Figure 2 First-best social distancing and prevalence when a vaccine is anticipated to become available at date T
As our analysis makes clear, the prospect of an effective vaccine materially alters people’s incentives to safeguard their health until the vaccine arrives. This means that as the vaccine approaches, people may show increasing unwillingness to be socially active, share public spaces, eat out, or to show up at work. This may have important knock-on economic effects, as many businesses rely on footfall and physical proximity to make a profit and for employees to show up to work to be able to function effectively. This will lead to a complicated transition period to a post-vaccine future that, while difficult, must be judiciously managed.
Alvarez, F, D Argente and F Lippi (2020), “A Simple Planning Problem for COVID-19 Lockdown, Testing and Tracing”, mimeo.
1 Matt Hancock, UK Health Secretary, 1 October 2020.
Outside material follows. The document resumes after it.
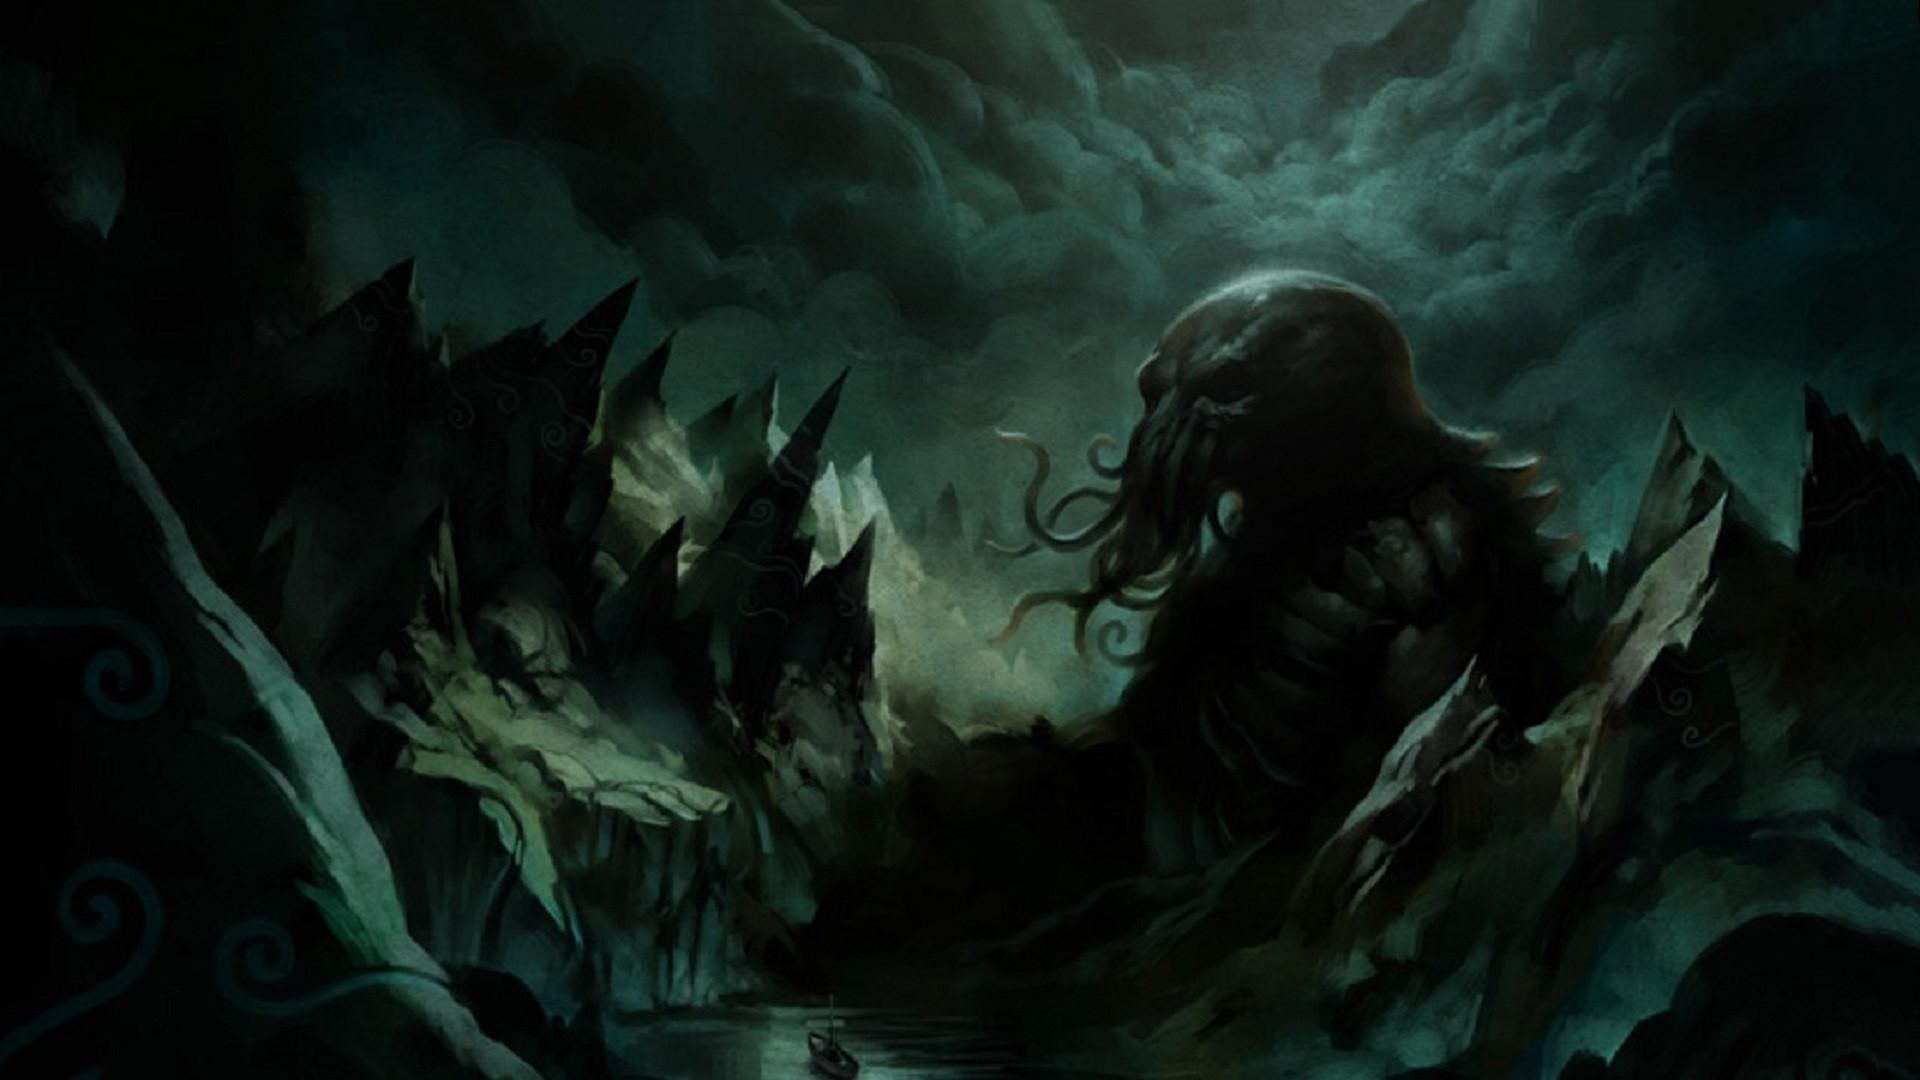 Hd Cthulhu Wallpaper Cthulhu Lovecraft Cthulhu Lovecraftian Horror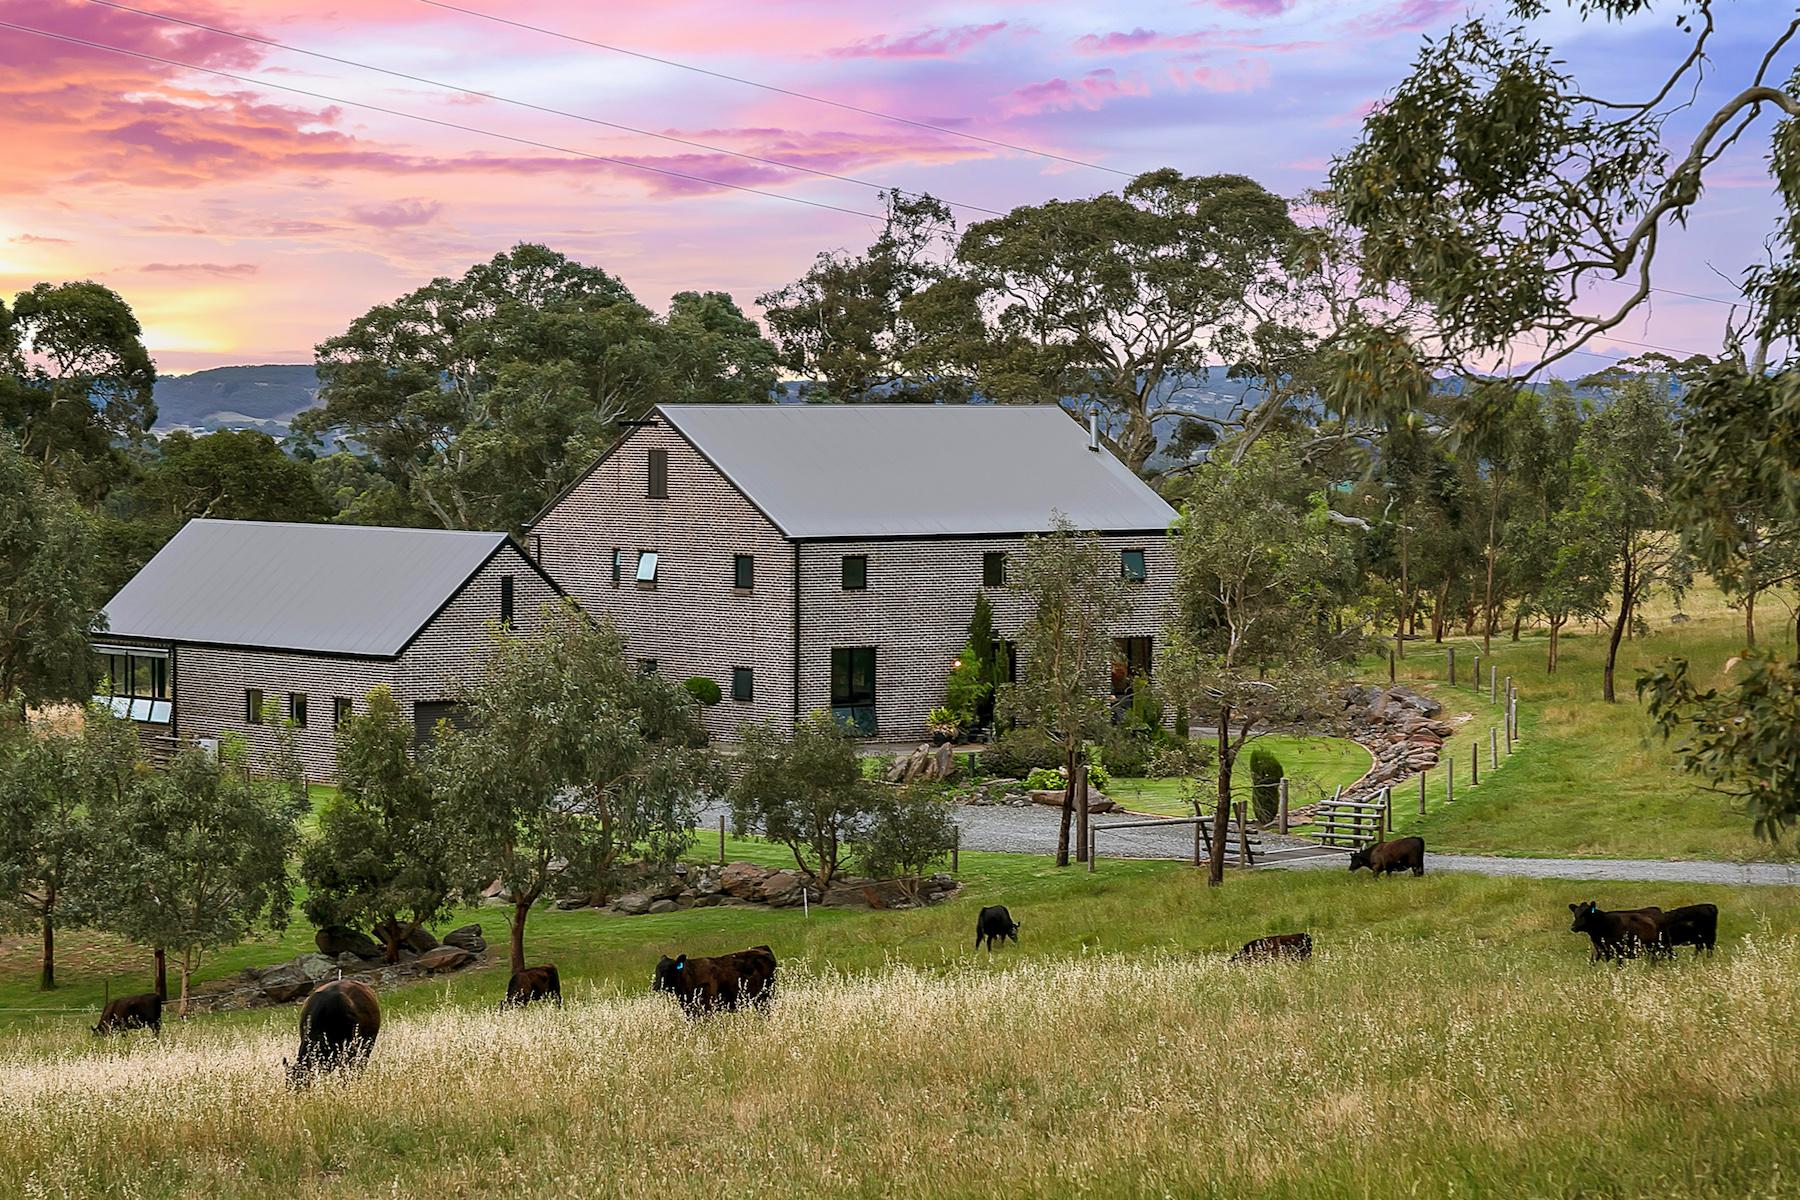 Частный односемейный дом для того Продажа на Elegant Country Estate in Picturesque Setting 47 Woolshed Road, Mount Torrens, South Australia, 5244 Австралия

2 For examples of other demonstrations of how economics can contribute in the management of the COVID-19 crisis, see Baldwin and Weder di Mauro (2020), Galeotti et al. (2020) and Makris (2020b).
3 Makris (2020a) and Toxvaerd (2020) study SIR models with endogenous social distancing, but without an anticipated pharmaceutical innovation. Those models are therefore similar in spirit to our benchmark setting of a superfluous vaccine.
4 In these simulations, social distancing drops to zero because the vaccine is assumed to be completely effective. With an imperfect vaccine, the drop will still be present, but it will not necessarily drop to zero.